ZNK520	Mg-5Zn-2Nd-0.4Zr	91.55 ± 3.12	5.88 ± 0.88	2.18 ± 0.06	0.39 ± 0.1

.

The melting process began by heating the resistance furnace to 760 °C. Once the furnace reached this temperature, the crucible was placed inside, and a protective gas mixture (CO₂ + 2.4 vol. % SF6) was introduced [33,34]. When the crucible temperature reached 660 °C, the pure Mg ingot was added and allowed to fully melt. Meanwhile, the remaining materials were preheated at 250 °C. After the Mg had completely melted, the following materials were sequentially added to the melt: Mg-30Gd, Mg-30Y, and pure Zn. The materials were added in order of decreasing mass, with the heavier materials being added first. Before each material was added, the surface oxide layer of the molten metal during crucible melting was removed. The raw materials were subsequently added slowly into the melt using tongs. After each addition, the system was allowed to stabilize for about 15 min to ensure that the material had fully melted and that the elements were uniformly dispersed within the molten metal. Once all of the materials had been added, the molten alloy was maintained at 780 °C for 15 min to promote complete homogenization, followed by a stirring period of 5–10 min. The protective gas remained uninterrupted throughout the entire melting process.

During the melting process, the casting mold was preheated to 250 °C. Once the mold reached this temperature, a mold release agent was evenly sprayed inside. The mold temperature was then increased to 300 °C and maintained until the molten metal had finished settling. Before casting, the oxide layer on the surface of the molten Mg alloy was removed, and the molten alloy was immediately poured from the crucible into the preheated mold. After solidification, the cast ingot was removed from the mold.

2.2. Materials Characterization

The elemental composition of the as-cast Mg alloys was determined through quantitative analysis using an ICAP 7400 (Thermo Electron Corporation, Waltham, MA, USA) inductively coupled plasma-optical emission spectrometer (ICP-OES). The sample masses ranged from 10 to 100 mg.

A Zeiss Gemini 560 (Carl Zeiss AG, Oberkochen, Germany) field emission scanning electron microscope (FE-SEM) was employed to observe the microstructure of the samples. An energy dispersive spectrometer (EDS) was used to conduct a qualitative analysis of the elemental types and content in both the matrix and secondary phase. The preparation of SEM samples followed the same general requirements as the optical microscopy (OM) samples, with the decision to conduct corrosion treatment depending on the specific needs of the study. Subsequently, statistical analysis of the size, morphology, and content of the secondary phases in the SEM images was conducted using Image-Pro Plus 6.0 software.

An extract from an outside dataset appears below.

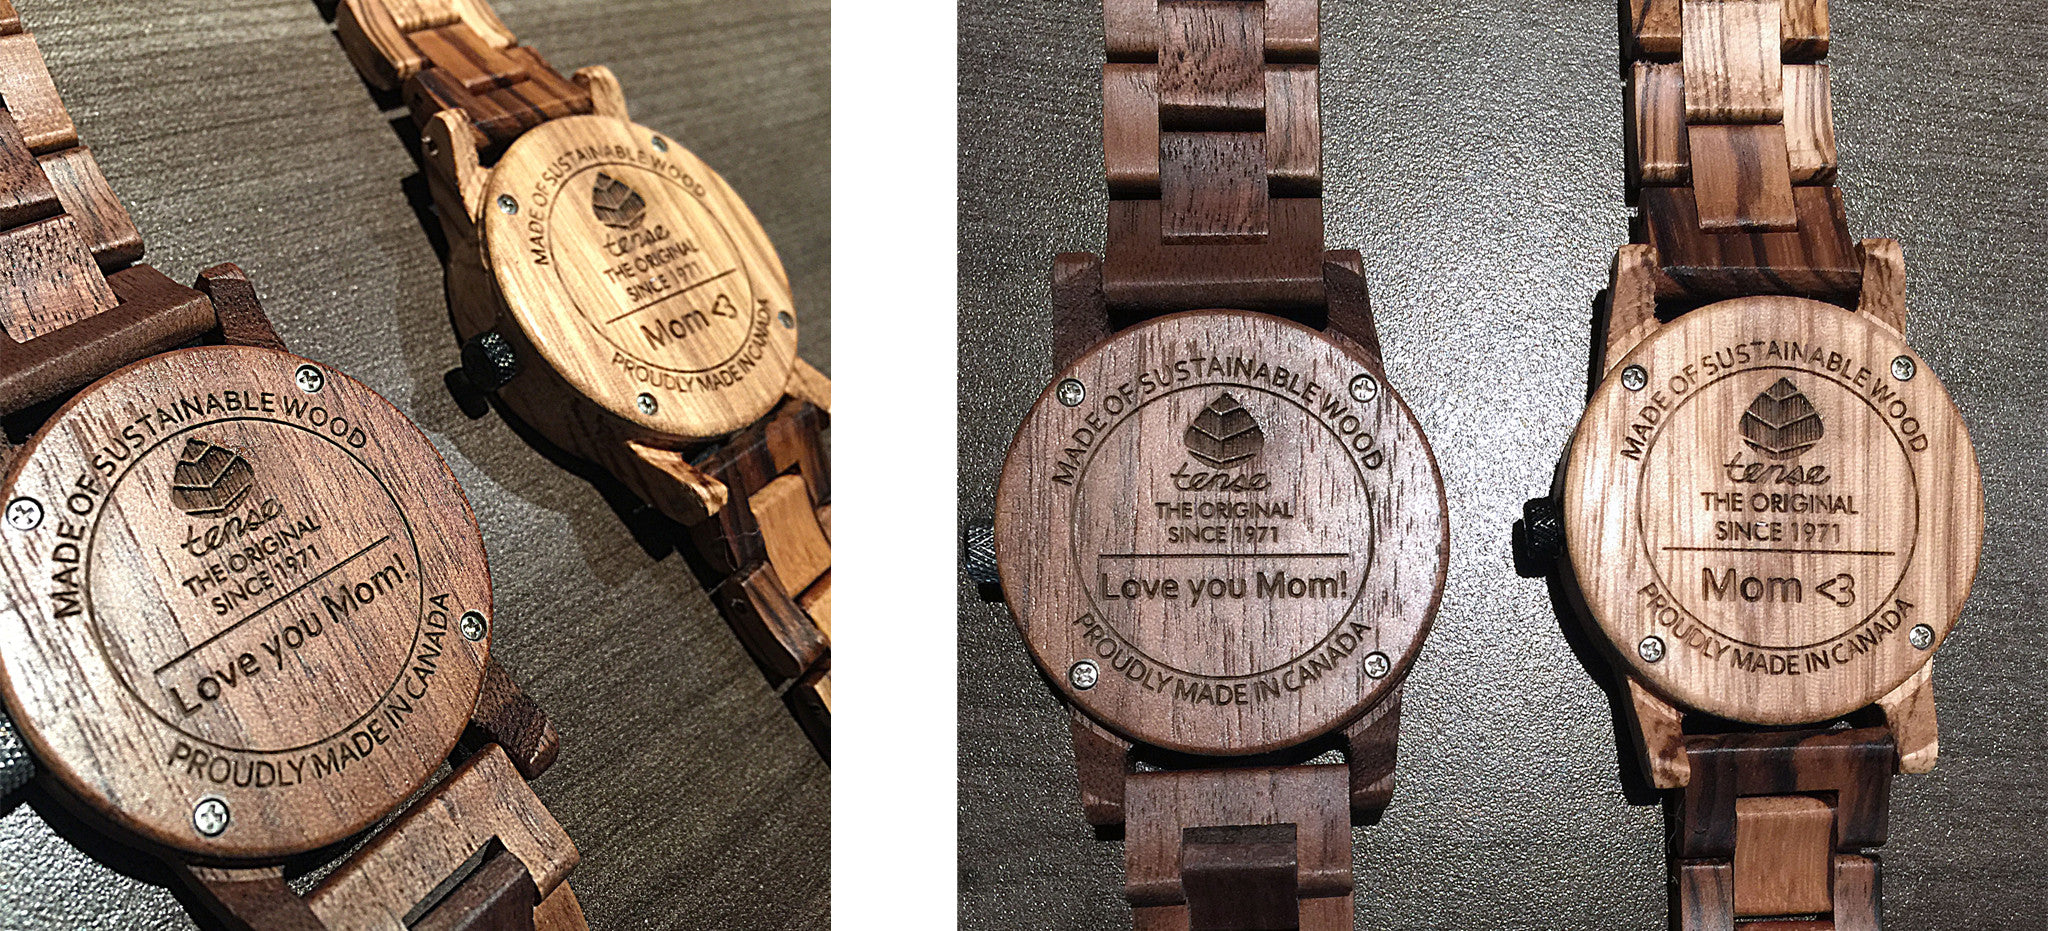 Tense Watches - Custom Engraved Watches For Mother's Day

Electron backscatter diffraction (EBSD) analysis was performed using a Zeiss Gemini 560 field emission scanning electron microscope equipped with an EBSD detector. The scanning step size was determined based on the grain size, typically set to one-tenth of the grain size to ensure sufficient and accurate data collection. EBSD samples must not only have a smooth surface, but also be free of the surface stress layer. The initial preparation method for the EBSD samples was generally the same as for the SEM samples. After mechanical polishing, it was sufficient to remove deeper scratches without completely eliminating all scratches. Subsequently, electrolytic polishing was carried out to remove the surface stress layer. The electrolyte consisted of a mixture of perchloric acid and ethanol in a 1:9 ratio. The electrolytic polishing was conducted at a voltage of 7.1 V and a current of 0.15 A for 10–15 s. After polishing, the sample was immediately removed and ultrasonically cleaned in ethanol. Liquid nitrogen was added during the polishing process to lower the electrolyte temperature and improve the resolution of the sample. AztecCrystal software (AZtec 5.1) was used for the analysis and processing of the EBSD data.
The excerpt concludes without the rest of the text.